Firstly, the initial population is generated by the NEH algorithm. Meanwhile, the joint simulation system of the DDQN algorithm and the MSRDPFSP model is constructed, and the heuristic optimization iterations are continuously performed on the initial population through four scheduling strategies. As the number of iterations continues to improve, the intelligent agent gradually learns to select scheduling strategies with a larger solution space. The specific flow of the algorithm is shown in Figure 24 below.

5. Experiments

5.1. DDQN Performance Evaluation for DPFSP

The experimental platform configuration consists of an Intel 13900k CPU @3.0 GHz and a NVIDIA GeForce RTX 4080 (16 GB) GPU running on the Windows 11 operating system with PyTorch 2.4.1 deep learning framework, CUDA 12.4, and Python 3.13. Plant Simulation uses Version 24.04.

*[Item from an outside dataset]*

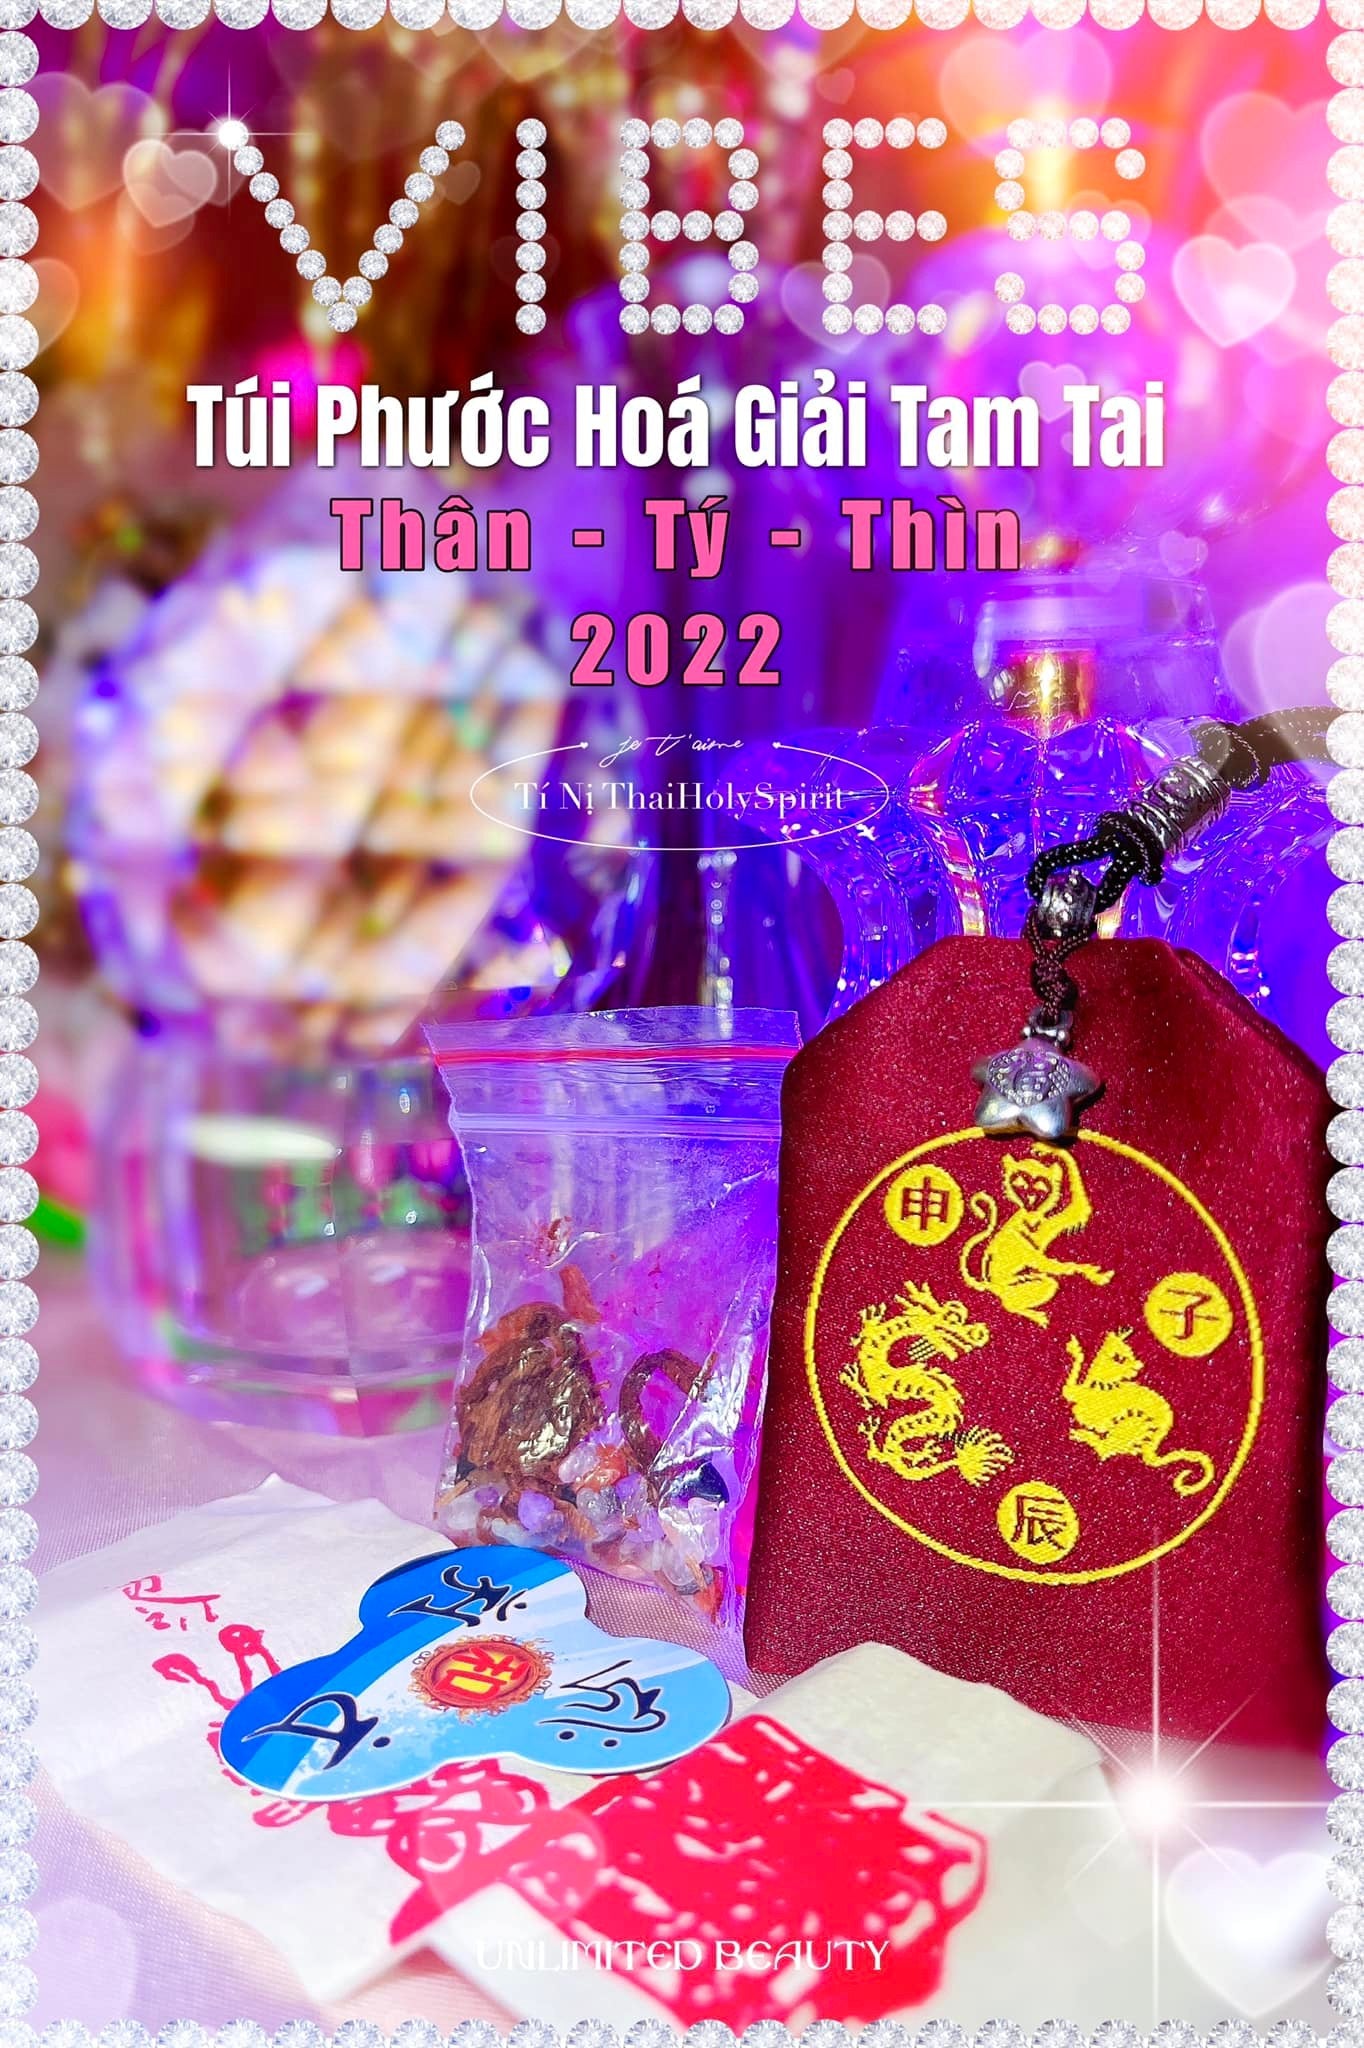 Túi Phước Hoá Giải Tam Tai (Thân - Tý - Thìn)

To further evaluate the superiority of the DDQN algorithm proposed in this paper, the percentage deviation RPD is employed to measure the superiority of the algorithm and is calculated as:

\begin{matrix} R P D = \frac{Alg - Min}{Min} \times 100 \end{matrix}

(3)

where Alg denotes the best maximum completion time for both algorithms, and Min denotes the best minimum completion time found in the benchmark example Taillard dataset. The validation is carried out through different combinations of the number of artifacts and the number of machines in the dataset, as each combination has 10 different iterations of the algorithm, which is very computationally intensive. Therefore, in this paper, ARPD is used to denote the average RPD of the same combination in different repetitions, and the formula is as follows. The final results are shown in Table 3 below, where N represents the number of workpieces, M represents the number of machines, and F represents the number of workshops. Other parameters of DDQN are shown in Table 4 below.

\begin{matrix} A R P D = \frac{\sum_{i = 1}^{10} {RPD}_{i}}{10} \end{matrix}

(4)

Through data analysis, the introduction of the NEH and DDQN algorithms endows the DPFSP with a better performance at the initial stage under different numbers of workpieces and plant sizes. Through continuous iterations, 121 groups out of 720 groups of data can reach the optimal value and show better ARPD values, which verifies the effectiveness of the algorithms proposed in this paper.

5.2. DDQN Performance Evaluation for MSRDPFSP

Since there is no publicly available dataset for testing MSRDPFSP, the publicly available dataset of DPFSP is still used. The dataset mainly tests the data of 500 workpieces processed by 20 machine tools allocated to different workshops. The convergence curves of the random search strategy algorithm and the DDQN algorithm with 2000 iterations are compared. The test results are shown in Figure 25 below.

From the convergence curve, it can be seen that after the introduction of the DDQN algorithm to learn the strategy, it shows faster convergence speed and better results compared to the random selection strategy during the iteration process. Specifically, once the experience pool has accumulated enough experience and gradually starts to select from randomly selected actions to high q-value actions, the convergence speed of DDQN starts to be significantly ahead of the randomly selected algorithm. This empirical superiority underscores DDQN’s capacity to effectively guide the scheduling policy to converge towards the optimization goal and highlights its enhanced learning ability and optimization performance for the MSRDPFSP with uncertain processing times.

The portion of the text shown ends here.